La convention collective nationale des transports routiers et activités auxiliaires de transports est applicable.
Par lettre du 16 septembre 2019, l'employeur a notifié au salarié un avertissement que le salarié a contesté en vain.
Le 20 septembre 2019, le salarié a été placé en arrêt de travail pour maladie jusqu'au 11 octobre suivant puis jusqu'au 5 novembre 2019.
Par lettre du 24 septembre 2019, l'employeur a convoqué ce dernier à un entretien préalable à une sanction disciplinaire pouvant aller jusqu'au licenciement fixé le 7 octobre suivant, tout en lui notifiant sa mise à pied à titre conservatoire.
Par lettre du 10 octobre 2019, il lui a notifié son licenciement pour faute grave.

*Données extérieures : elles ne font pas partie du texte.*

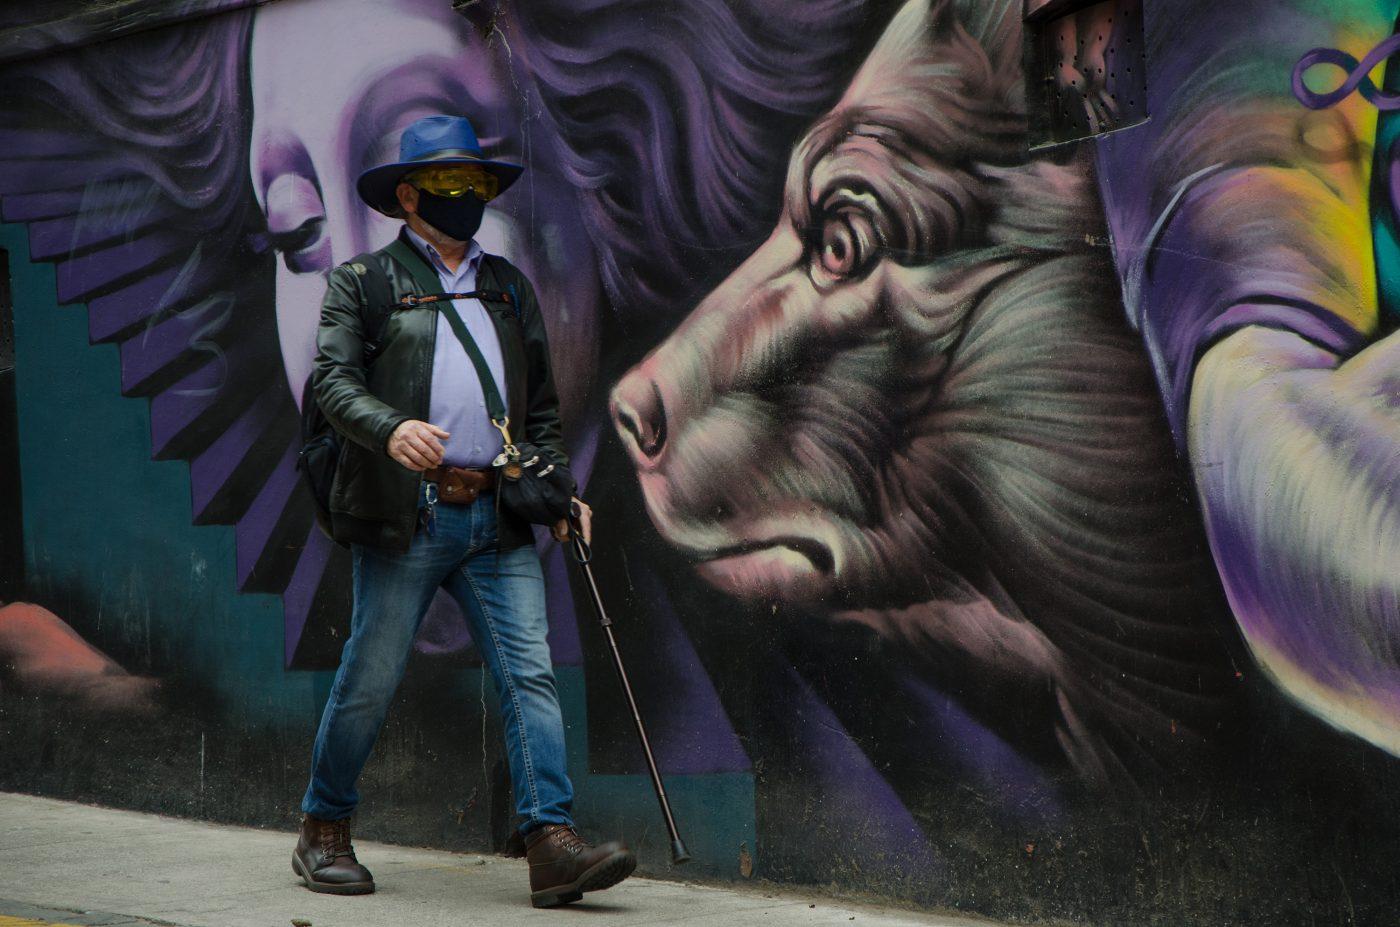 Die Maskerade des Ausnahmezustands

Par requête enregistrée le 22 novembre 2019, estimant que l'avertissement, le licenciement et la mise à pied à titre conservatoire étaient abusifs et que le licenciement était vexatoire et brutal, le salarié a saisi le conseil de prud'hommes de Montpellier.
Par jugement du 30 juin 2021, le conseil de prud'hommes a débouté les parties de l'intégralité de leurs demandes et condamné M. [B] [L] aux dépens de l'instance.
Par déclaration enregistrée au RPVA le 27 juillet 2021, le salarié a régulièrement interjeté appel de ce jugement.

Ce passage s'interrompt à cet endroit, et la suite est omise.